====== Supplied material ======

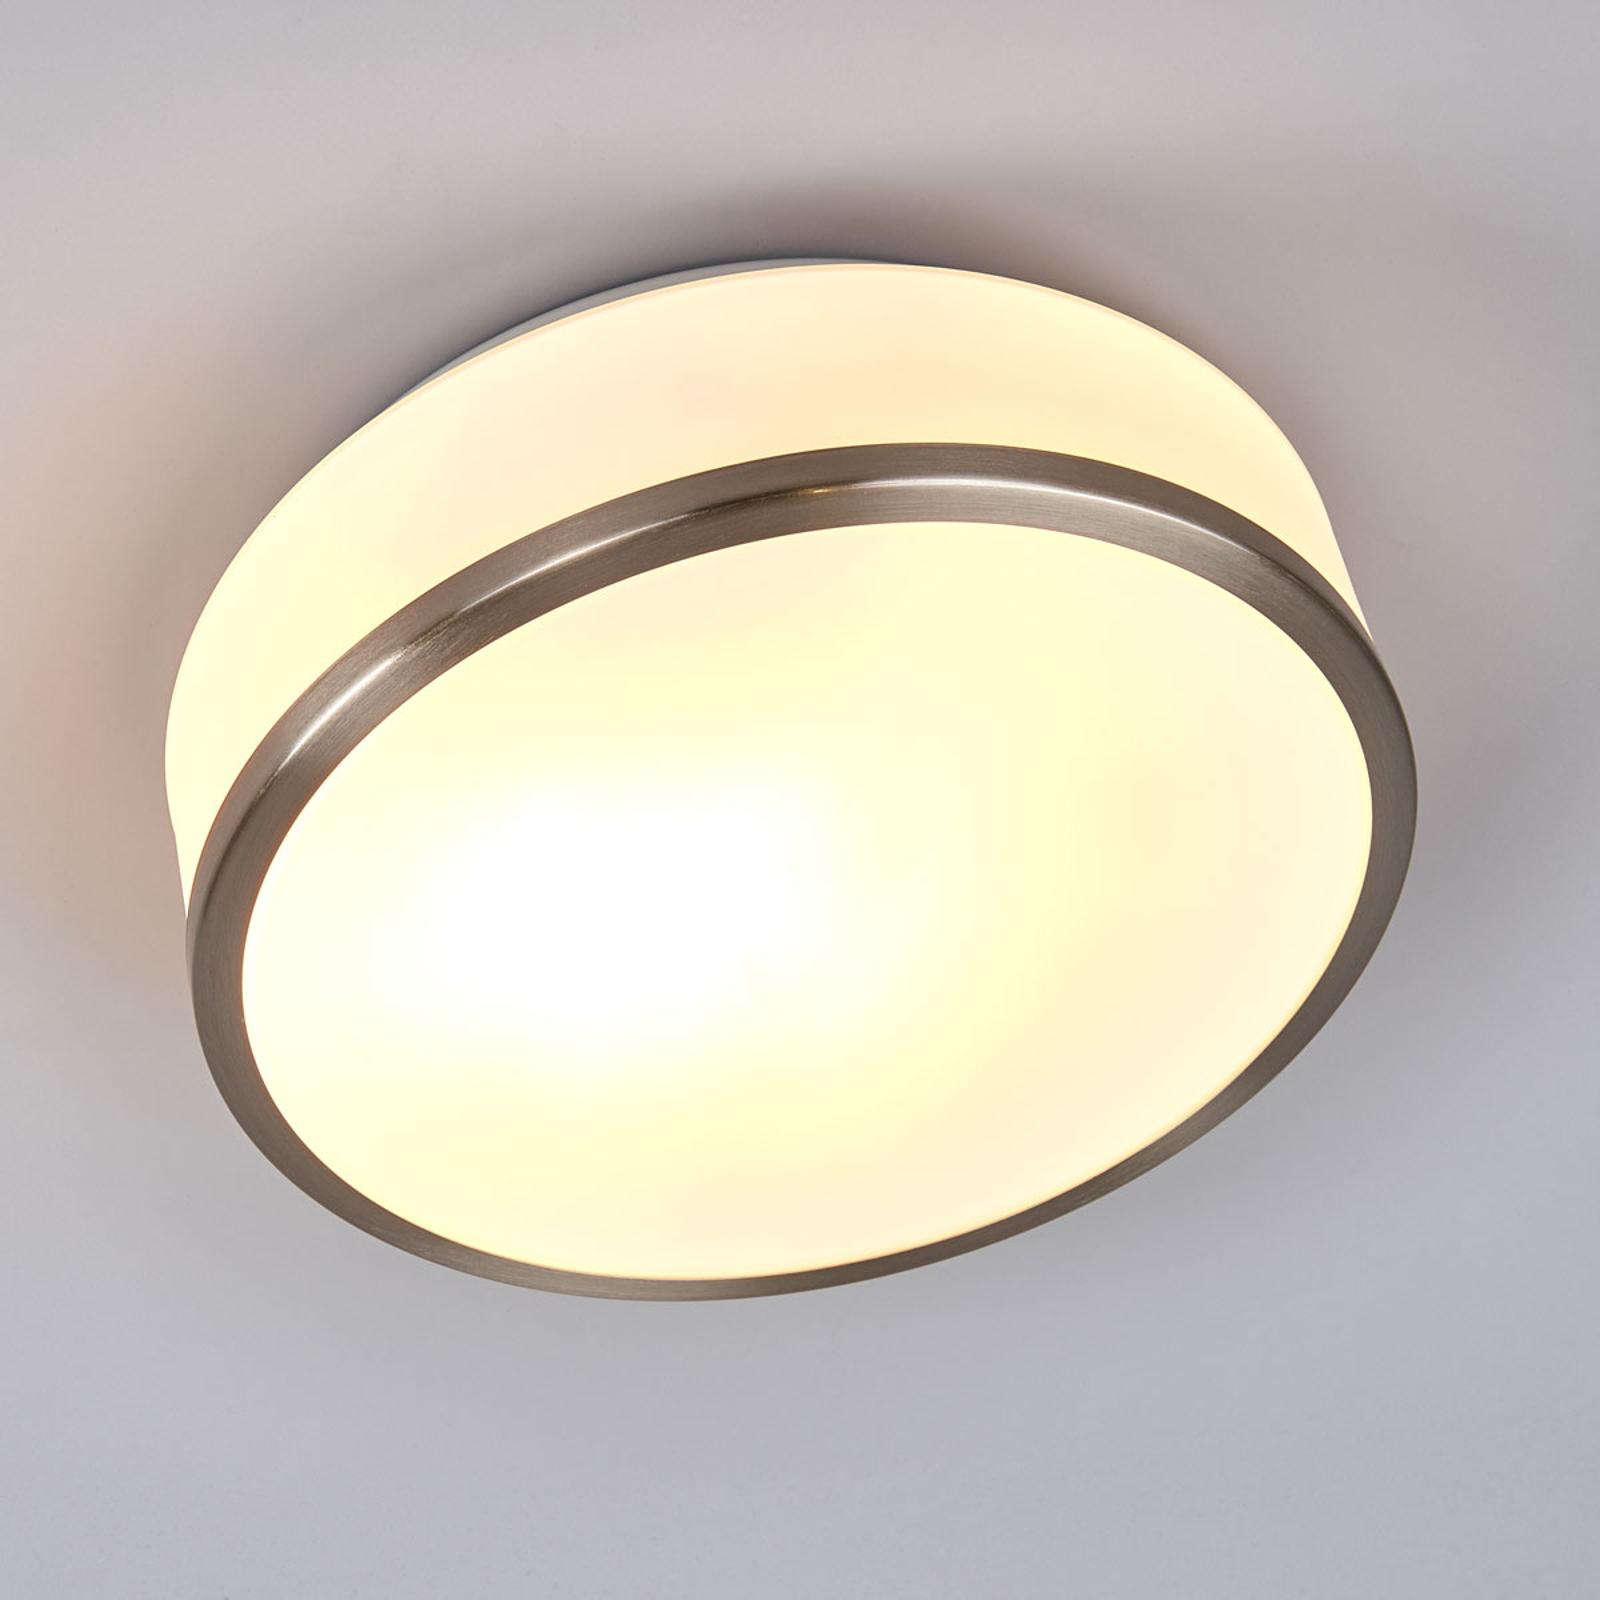 Plafondlamp Flush IP44, Ø 28cm, zilver gesatineerd
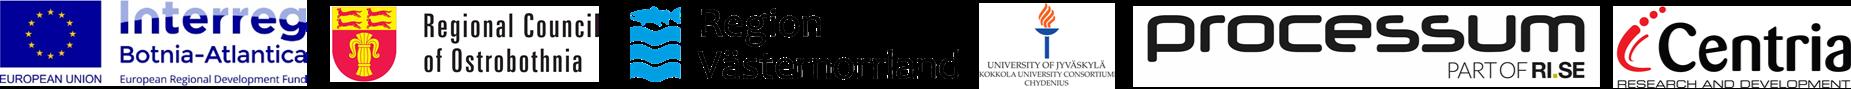 Logokuva.png
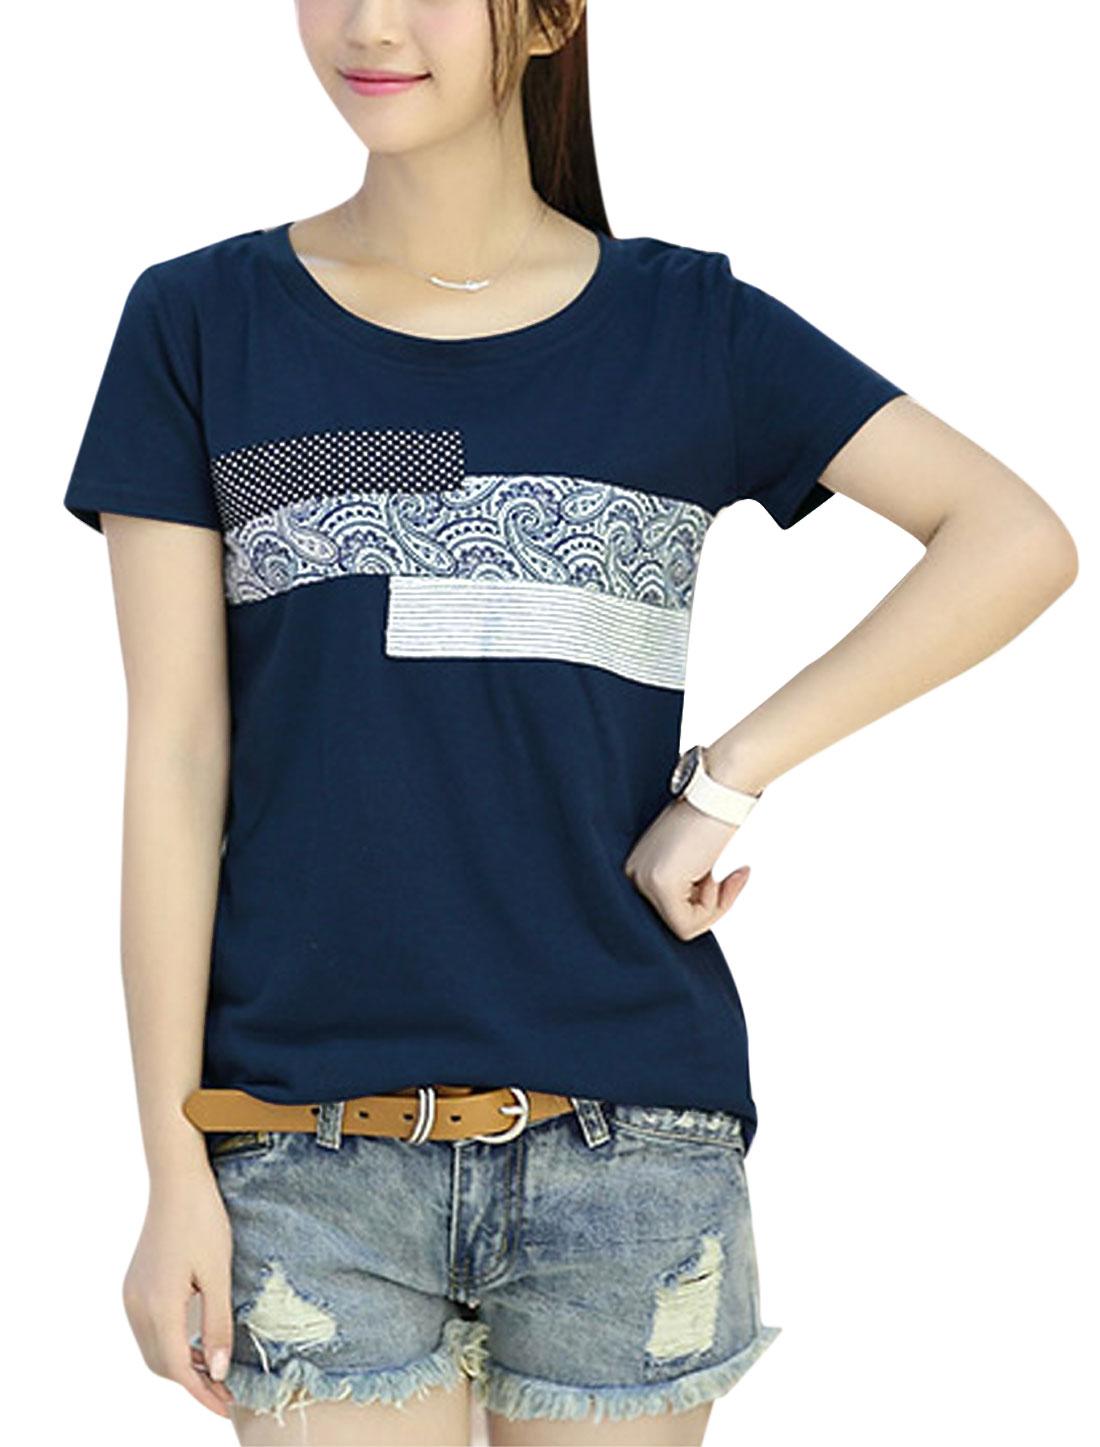 Ladies Paisleys Prints Panel Style T-Shirt Dark Sea Blue XS
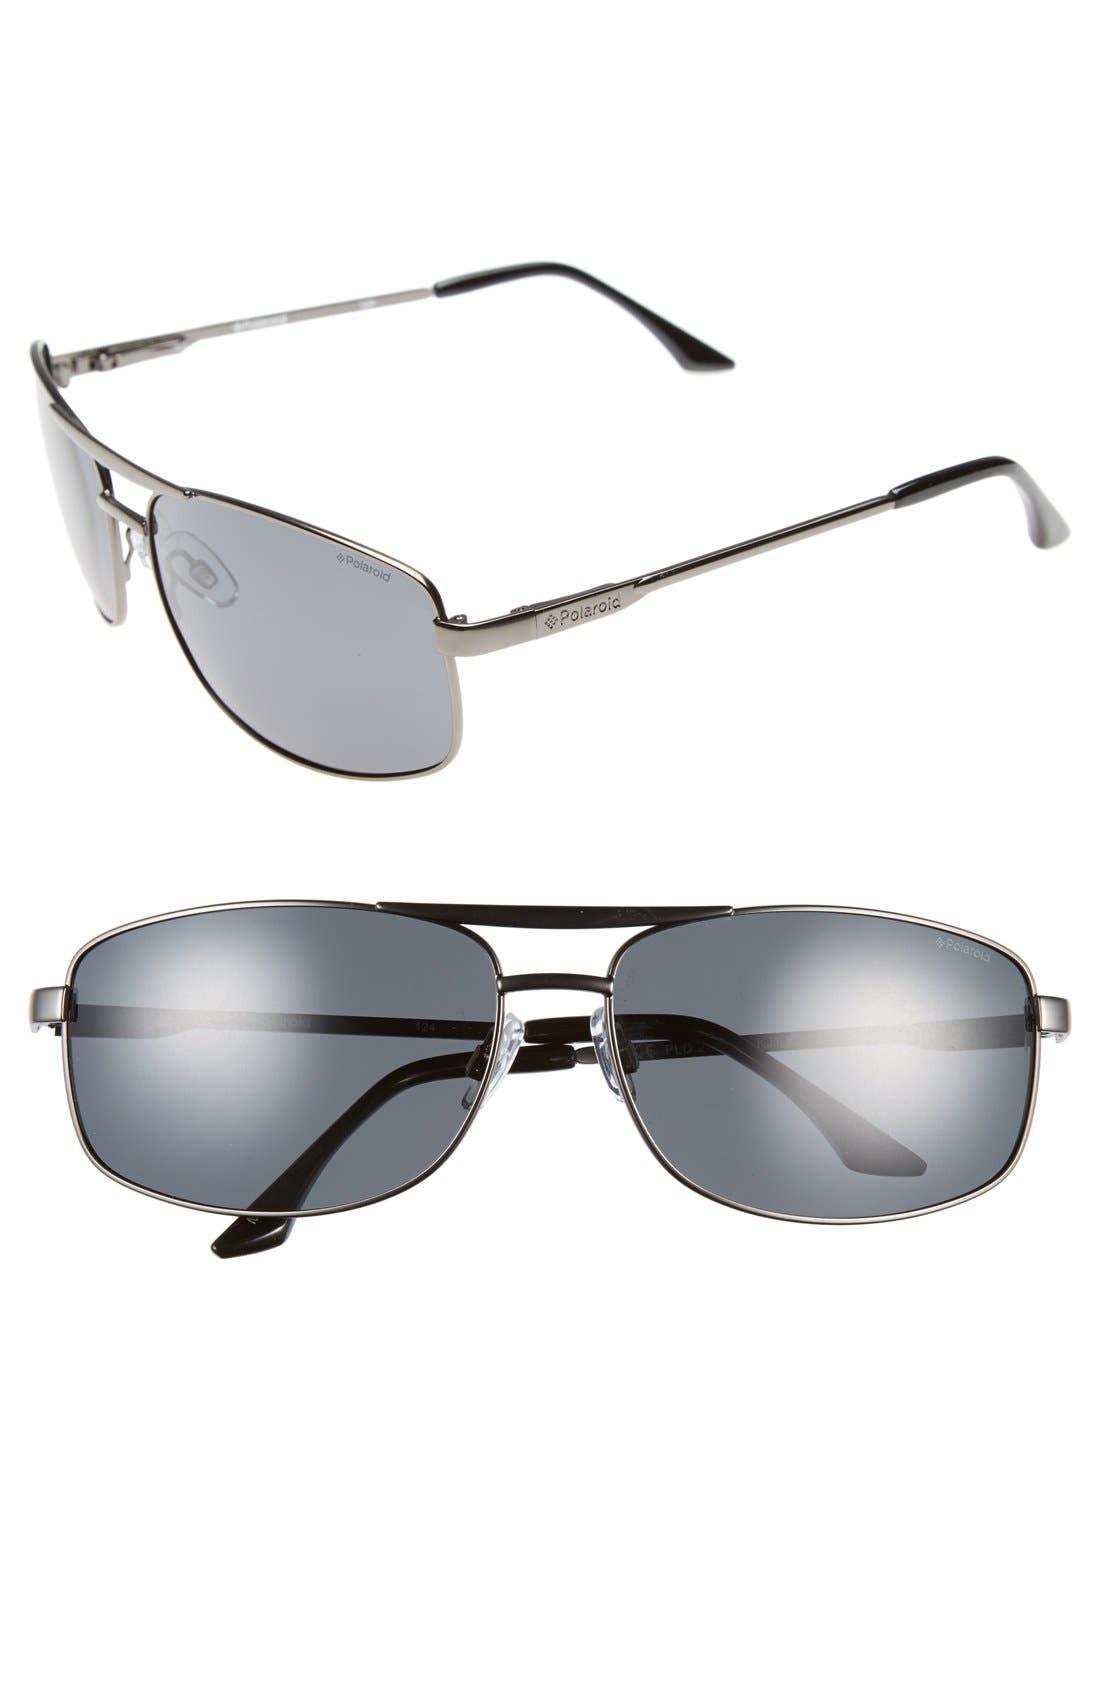 POLAROID EYEWEAR 2017S 65mm Polarized Navigator Sunglasses

======

### What is needed
All of the material is to be reproduced verbatim, pictures excluded.

### Written reply
 Plafondlamp Flush IP44, Ø 28cm, zilver gesatineerd
 Logokuva.png
 Ladies Paisleys Prints Panel Style T-Shirt Dark Sea Blue XS
 POLAROID EYEWEAR 2017S 65mm Polarized Navigator Sunglasses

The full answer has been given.